Les secteurs les plus « glamour » ne sont pas toujours les plus rémunérateurs au début. À l’inverse, l’agencement professionnel, les cuisines, les espaces de travail et les projets commerciaux peuvent offrir des missions répétées et des perspectives intéressantes pour les personnes rigoureuses.

Les erreurs qui empêchent de vivre sereinement de ce métier

  1. Choisir une école uniquement pour ses belles images. Vérifiez le programme, le volume de technique, les stages, l’alternance, les débouchés réels et le coût global. Les écoles privées peuvent représenter plusieurs milliers d’euros par an : examinez le retour sur investissement avant de vous engager.
  2. Négliger le dessin technique et le budget. Un joli moodboard ne remplace ni un plan coté ni un chiffrage réaliste.
  3. Se lancer freelance sans trésorerie ni réseau. Préparez une réserve de sécurité, une offre claire et des modèles de devis avant de quitter un emploi.
  4. Accepter des projets mal définis. Chaque prestation doit préciser les livrables, le nombre d’allers-retours, les délais, le prix, les conditions de paiement et ce qui relève ou non du suivi de travaux.
  5. Facturer trop bas pour se faire connaître. Des tarifs insuffisants attirent parfois des demandes très exigeantes tout en rendant l’activité impossible à pérenniser. Commencez avec une offre cadrée plutôt qu’avec une promesse « tout compris » floue.
  6. Oublier votre mode de vie. Visites de chantier tôt le matin, délais serrés, relation client et déplacements font partie du métier. Interrogez-vous honnêtement sur ce que vous aimez au-delà de l’esthétique.

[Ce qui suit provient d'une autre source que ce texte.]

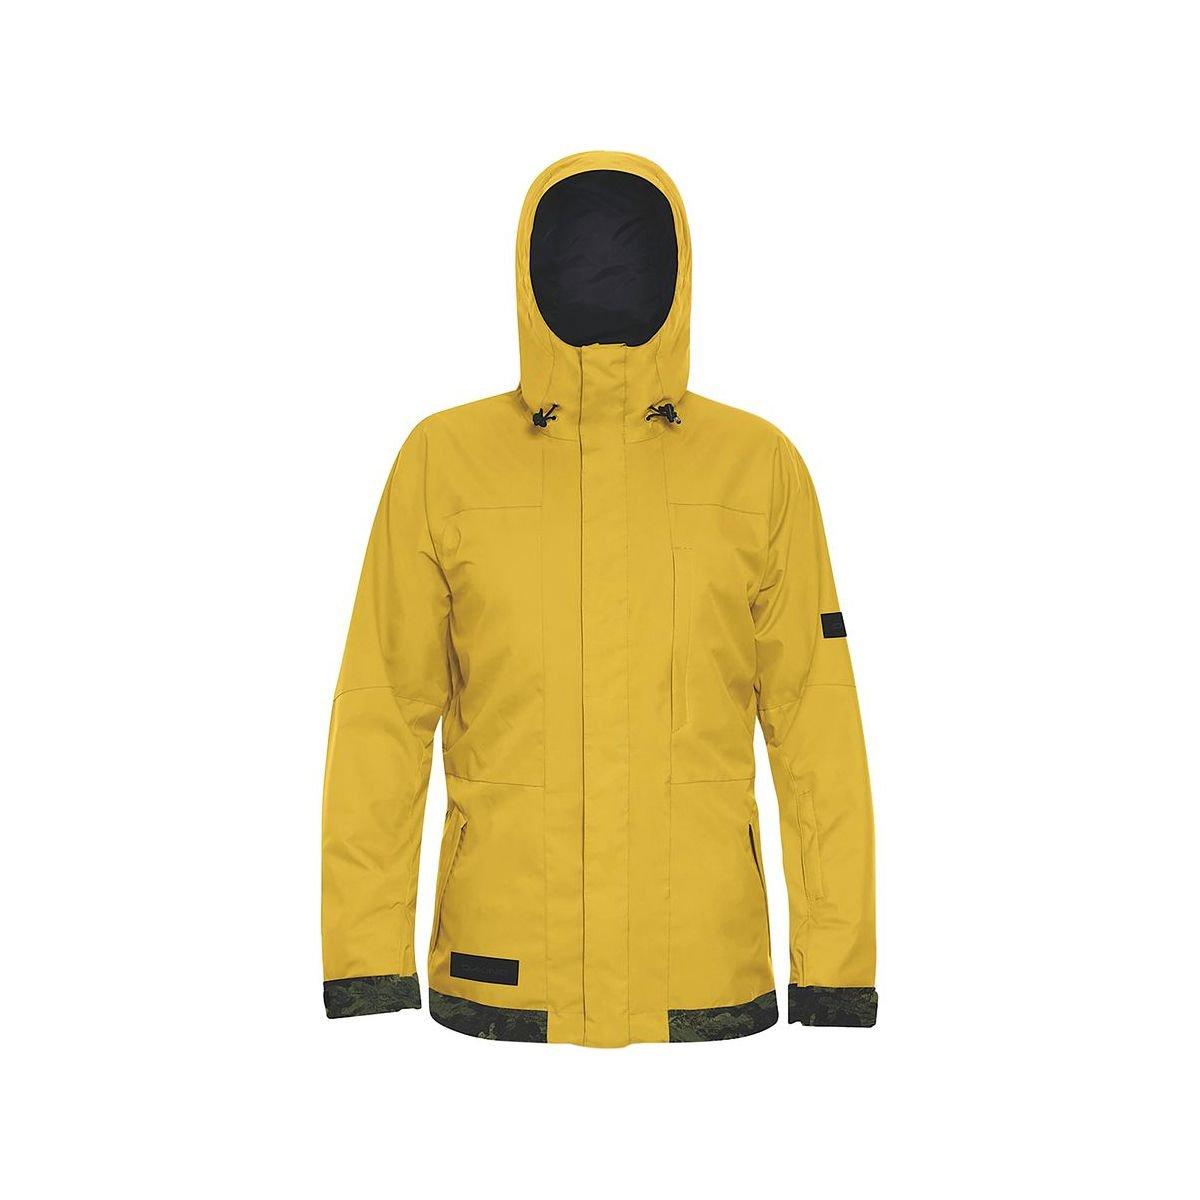 Da Kine Incline Jacket Curryptcmo Gr L günstig kaufen

Un plan réaliste pour construire une carrière viable

Si votre priorité est de vivre correctement de cette vocation, visez moins le titre rêvé que la combinaison gagnante : formation sérieuse, expérience terrain, portfolio solide et spécialité identifiable. Après le bac, comparez objectivement un BTS ERA en alternance, un DN MADE espace et les cursus spécialisés selon votre budget et votre niveau d’ambition. Consultez les informations officielles des établissements, les fiches RNCP et, si vous visez l’architecture intérieure au sens professionnel du terme, les critères de reconnaissance du CFAI.

Ensuite, recherchez une première expérience où vous apprendrez les plans, les devis et le chantier, même si le poste n’a pas le prestige d’une agence tendance. En parallèle, documentez vos réalisations, développez votre réseau local et perfectionnez une compétence qui vous distingue. C’est ainsi que l’on passe progressivement d’un métier passion à une activité créative, stable et réellement vivable.